A Trussell Trust food bank
A Trussell Trust food bank | Image: Courtesy of The Trussell Trust

Be neighbourly

Offering to pick up a neighbour’s shopping or medical supplies could really help the vulnerable. Nextdoor is an international platform that enables you to do this online. Users are connected through their immediate area, allowing them to chat, share concerns and, in a new feature, mark themselves as available to help people who aren’t able to leave their homes. “The number of groups created on Nextdoor in response to Covid-19 has doubled each day over the past week,” head of product Tatyana Mamut has said. “Every day, I see more groups forming: Parent Groups, Book Club Groups, Faith Groups.
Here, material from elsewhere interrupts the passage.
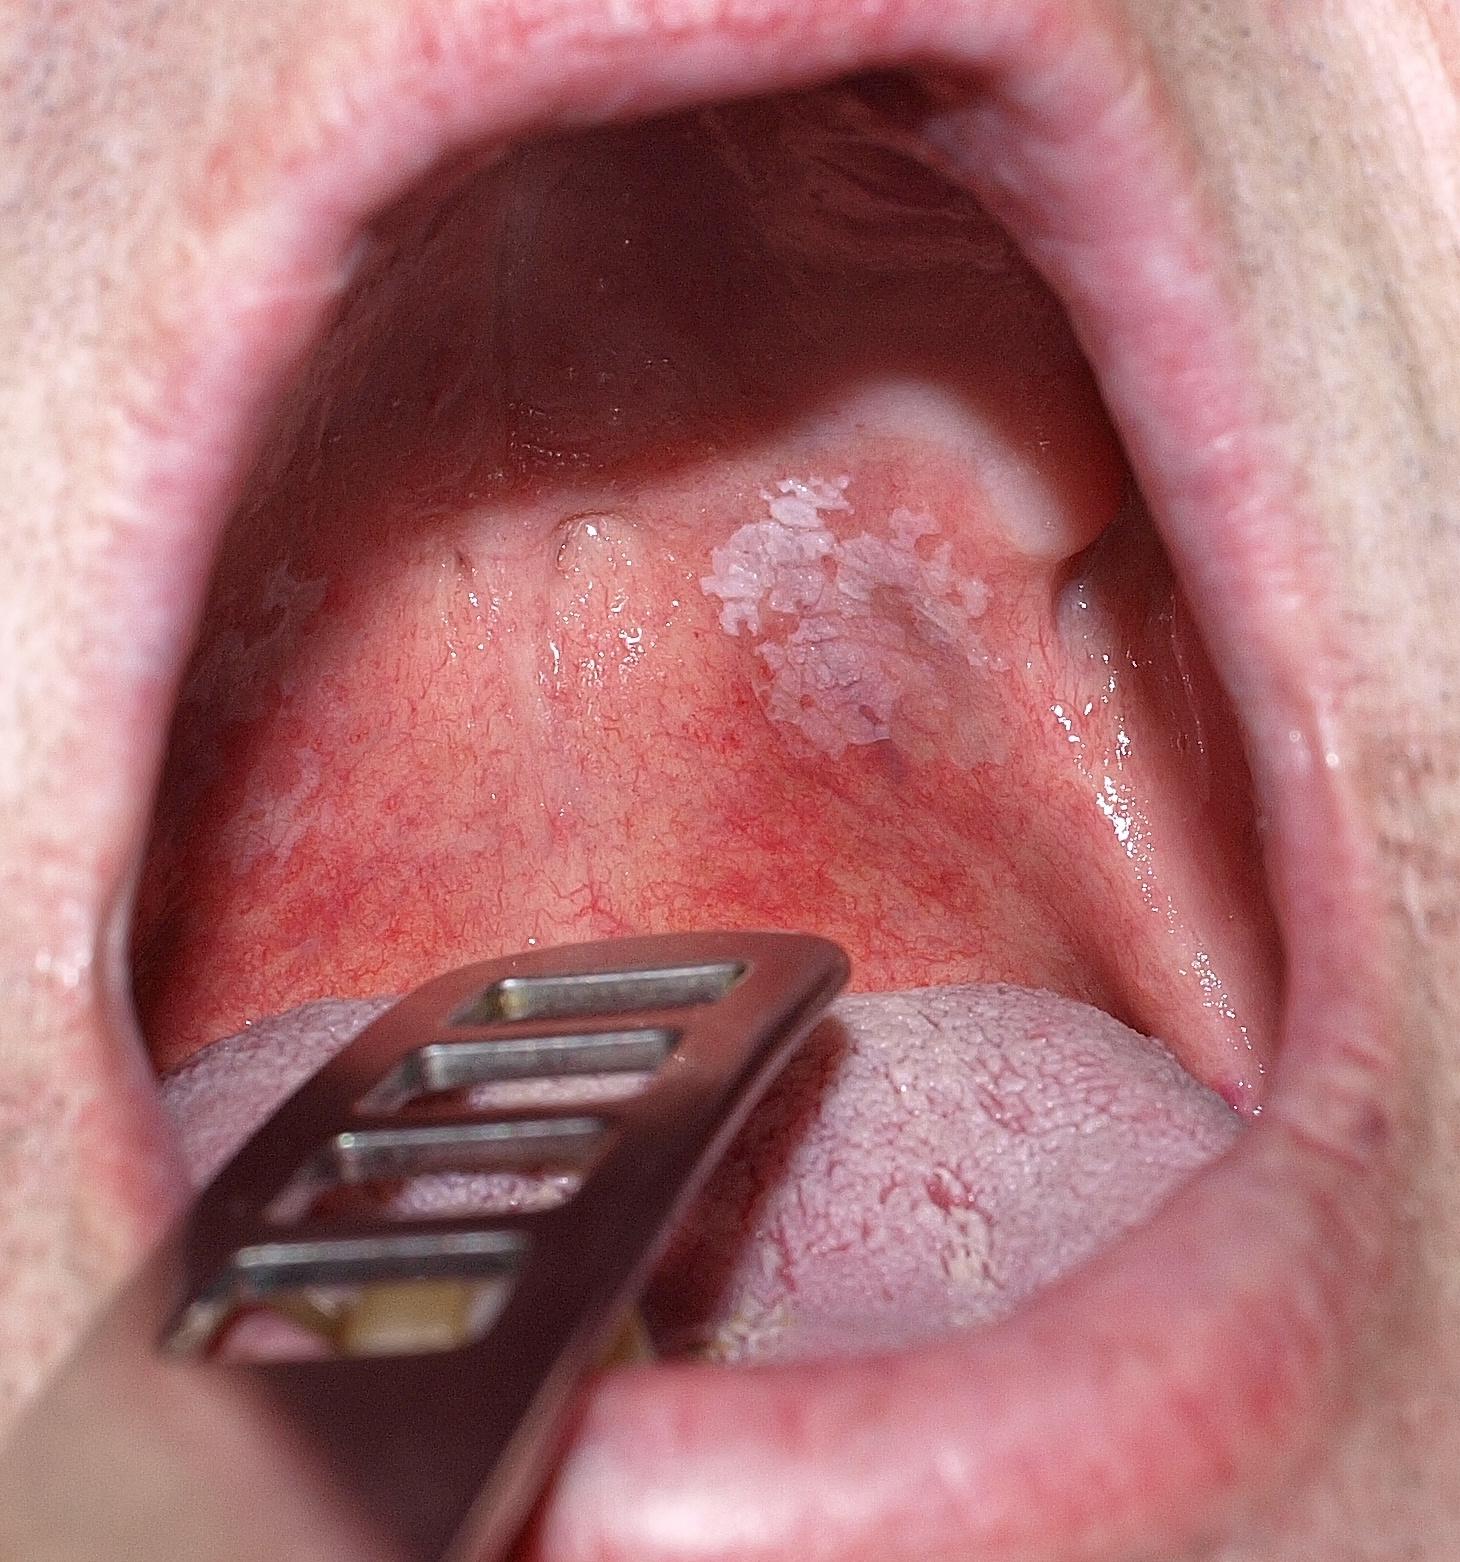 papilloma rák száj)

Even in this time when we are physically apart, we can still connect with our neighbours.”

Online platform Nextdoor allows you to offer help in your neighbourhood
Online platform Nextdoor allows you to offer help in your neighbourhood | Image: Courtesy of Nextdoor

Volunteer

After the NHS made its plea to the public for help with looking after the 1.5 million people in self-isolation, 405,000 volunteers came forward in 24 hours. Anyone over the age of 18 can now sign up to deliver shopping to the vulnerable, transport NHS supplies and drive patients to and from hospital. If leaving the house isn’t an option, you can also offer telephone support to individuals at risk of loneliness or donate to the NHS Charities COVID-19 Urgent Appeal. Organisations across the globe are looking for similar support, from the Florence division of the Italian Red Cross to social media groups such as Visible Hand in Poland.